INFORMATION:
=-=-=-=-=

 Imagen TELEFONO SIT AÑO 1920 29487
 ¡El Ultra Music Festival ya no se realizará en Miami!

=-=-=-=-=

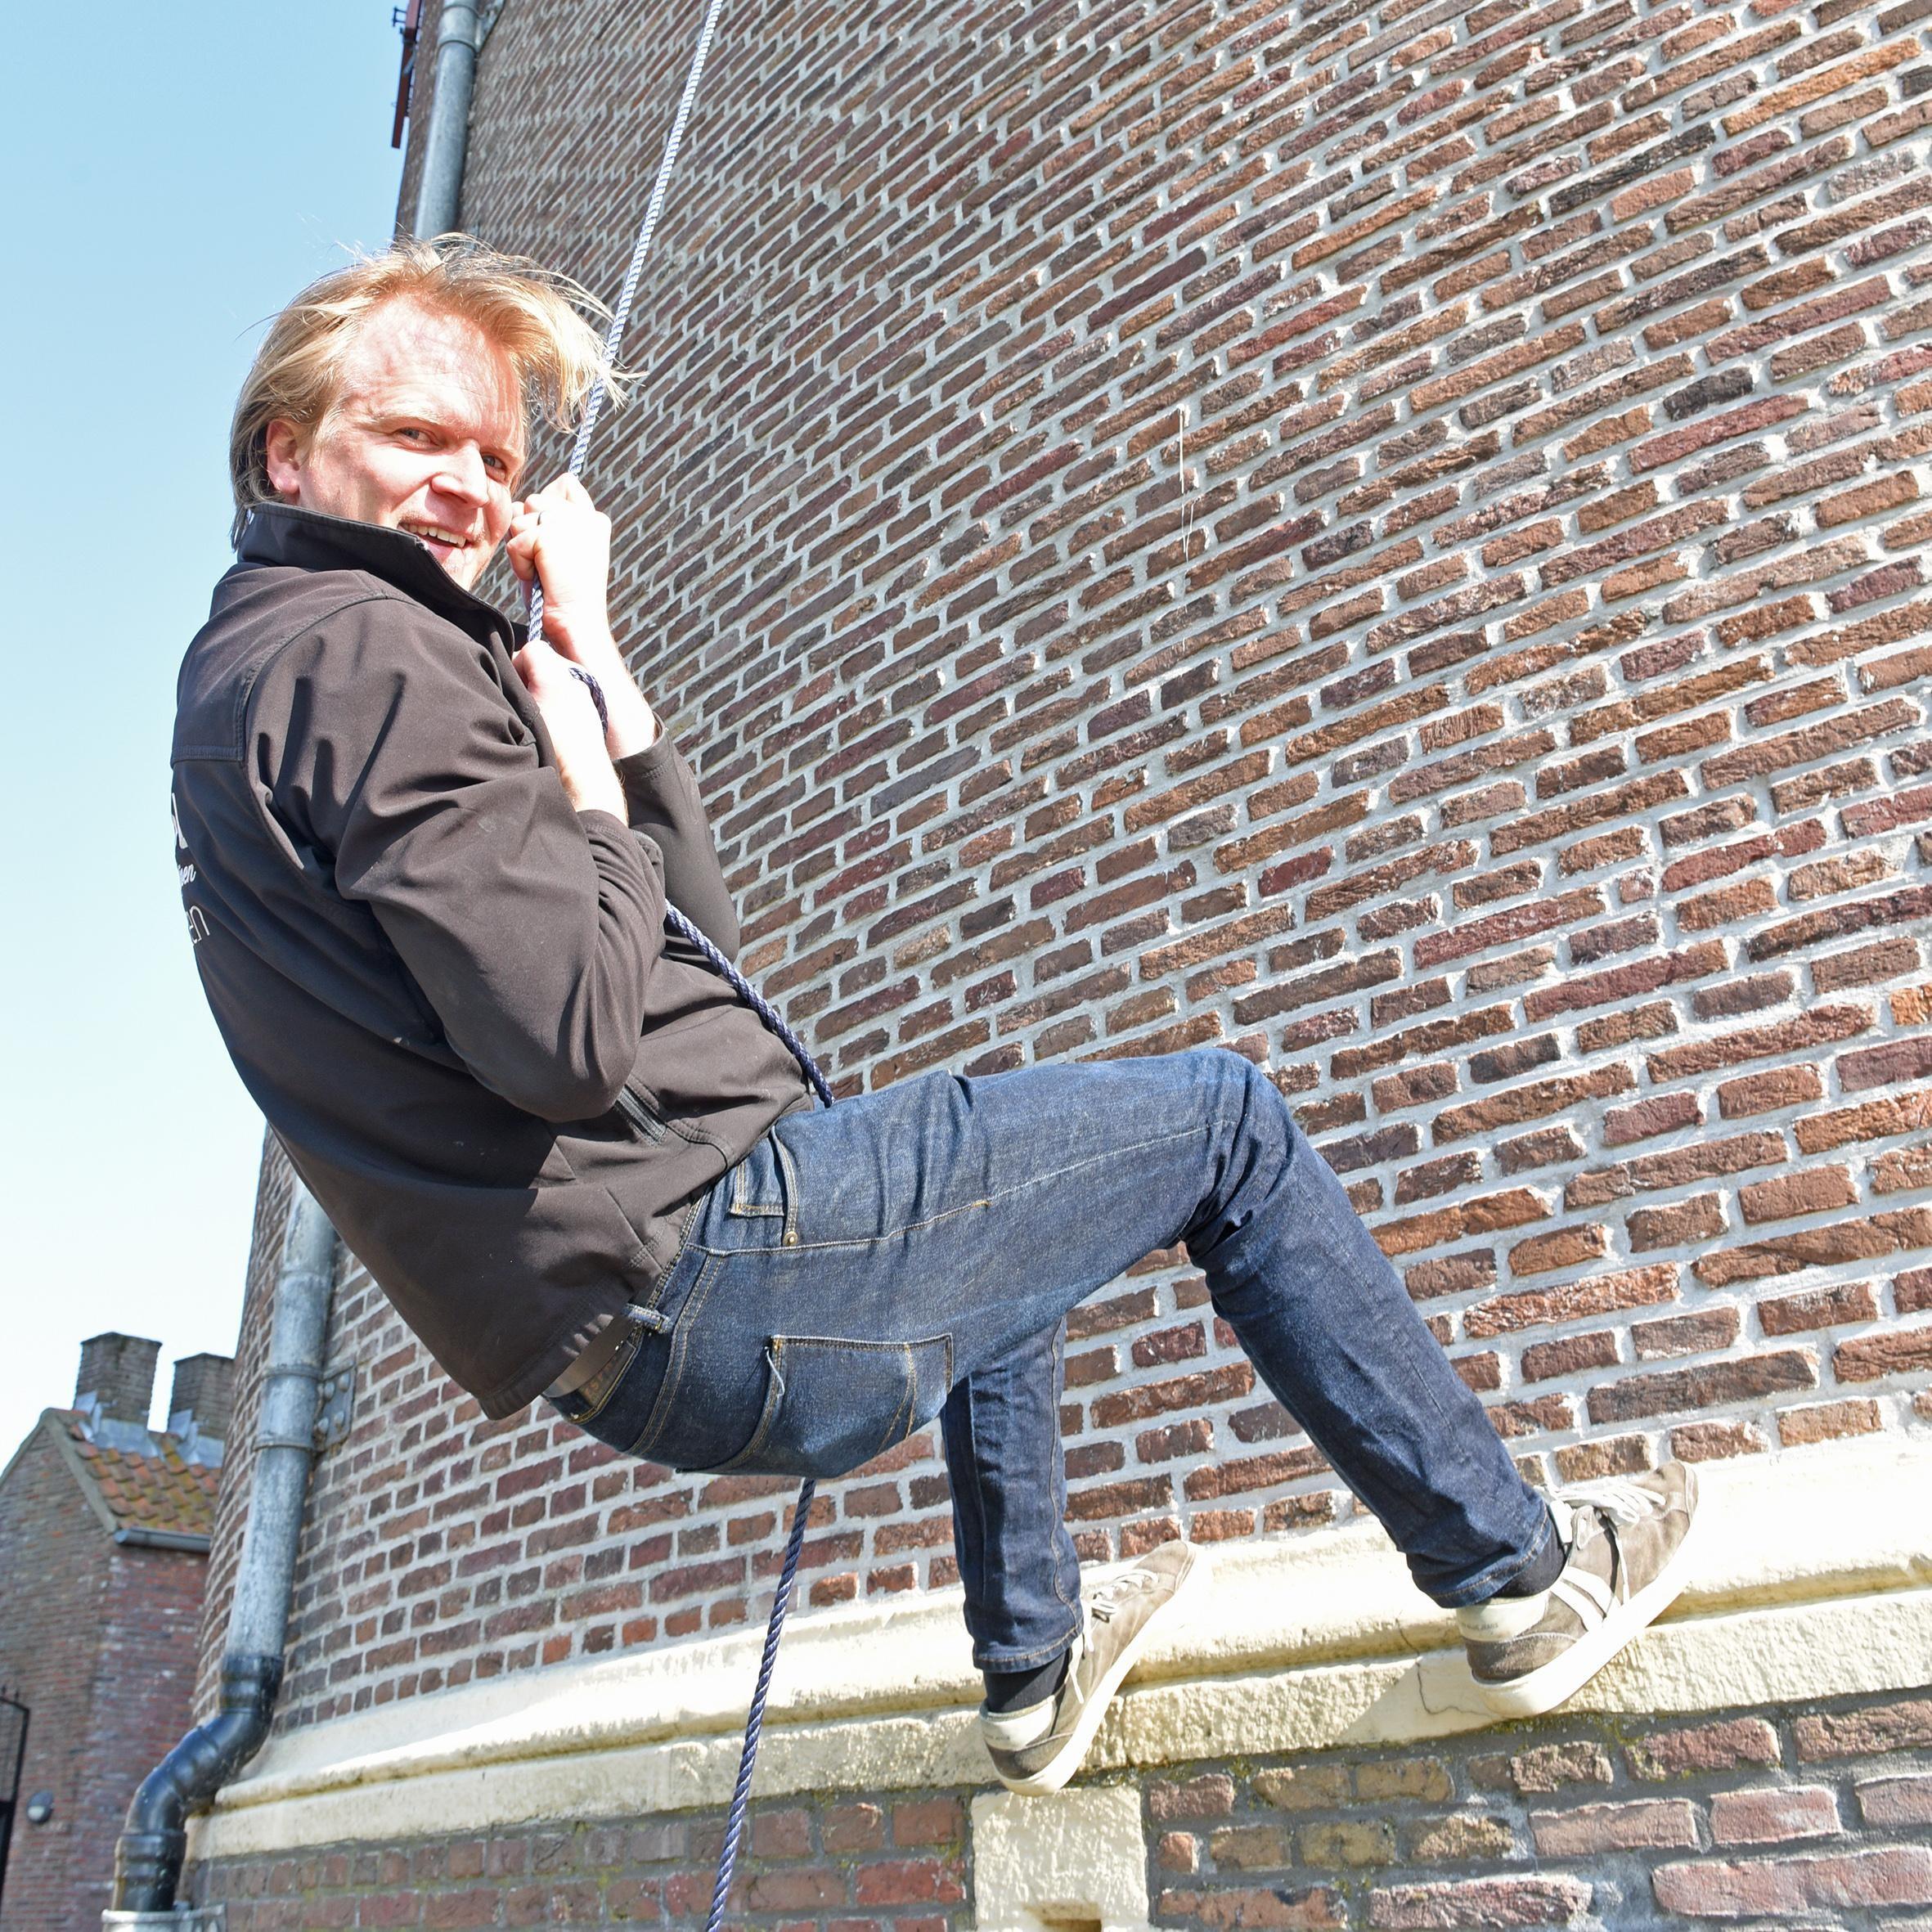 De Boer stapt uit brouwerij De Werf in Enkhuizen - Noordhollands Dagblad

=-=-=-=-=

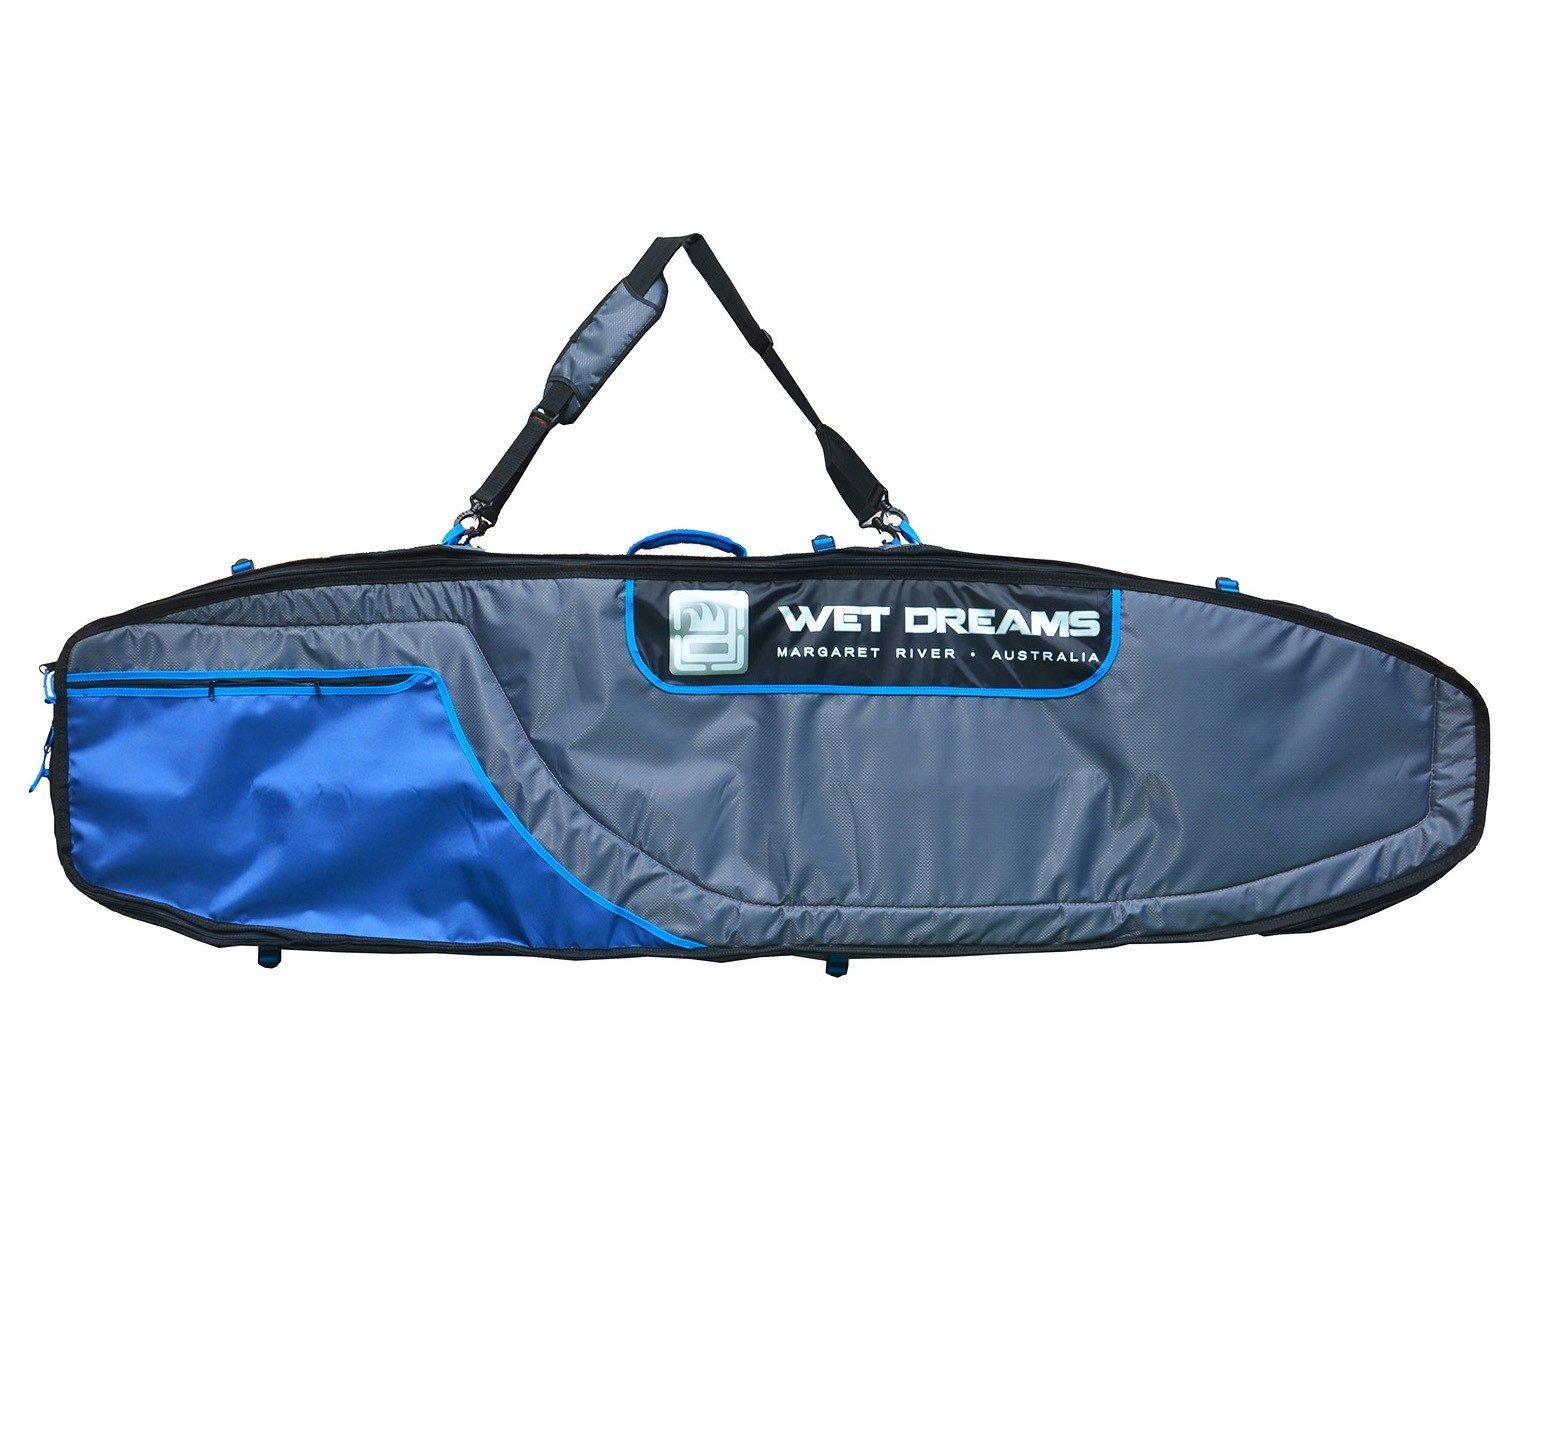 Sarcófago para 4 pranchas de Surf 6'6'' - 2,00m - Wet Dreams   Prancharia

=-=-=-=-=

Write down again, exactly as given, only the lines above that fall from the line with "Imagen TELEFONO SIT AÑO 1920 29487" to the line with "realizará en Miami!", inclusive.

OUTPUT:
 Imagen TELEFONO SIT AÑO 1920 29487
 ¡El Ultra Music Festival ya no se realizará en Miami!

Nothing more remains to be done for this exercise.